Hi,
I'm really new to PCA analysis and just trying to understand how it works and the underlying stats. My problem is that when I run it for all my 3 biological replicates (3 Controls and 3 treatment) all 3 controls seem to correlate well but one of the "treatment" samples is really far off the other 2 (which correlate well with each other). So, I decided to try and re-run it after removing the replicate with the outlier "treatment" sample. This time I get my "treatment" samples correlating well (as they did in the first place) BUT the 2 controls are now far from each other! I'm confused as to why/how this is happening. I thought maybe because I only use 2 replicates that changes the balance between variations, but I'd really appreciate any ideas!!

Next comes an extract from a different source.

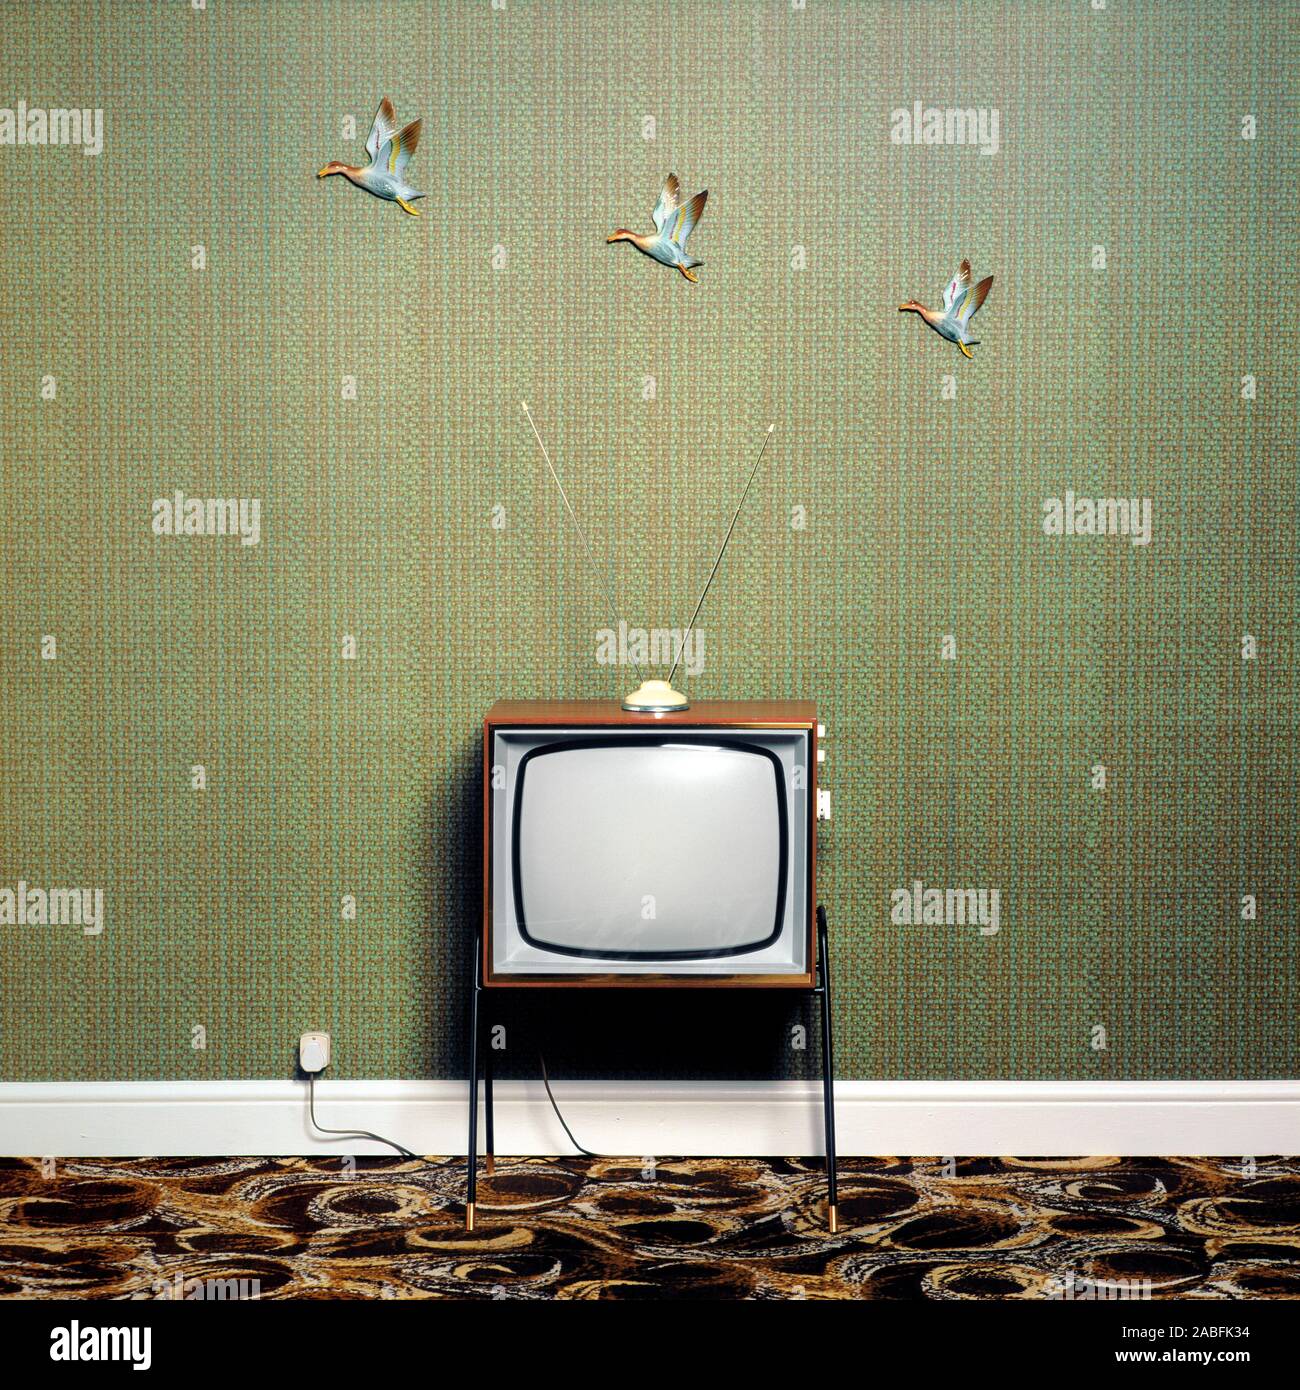 1960s television with 3 flying ducks on the wall Stock Photo

Thanks so much for your time!!
Katerina
Please read my answer on Biostars: https://www.biostars.org/p/280615/#280634
By the way: you should really consider adding your PCA bi-plot figures to your post, and showing the explained variation along each axis. For one, "far off" is not a term that is quantifiable. It may visually look distant, but, mathematically / statistically, the distance may be virtually meaningless if the explained variation along the axis is only a couple of %
If you perform PCA on 2 samples, they will always appear distant from each other, appearing on opposite sides of the plot. That is the nature of PCA. It does not, however, necessarily imply that the 2 samples exhibit large-scale differences.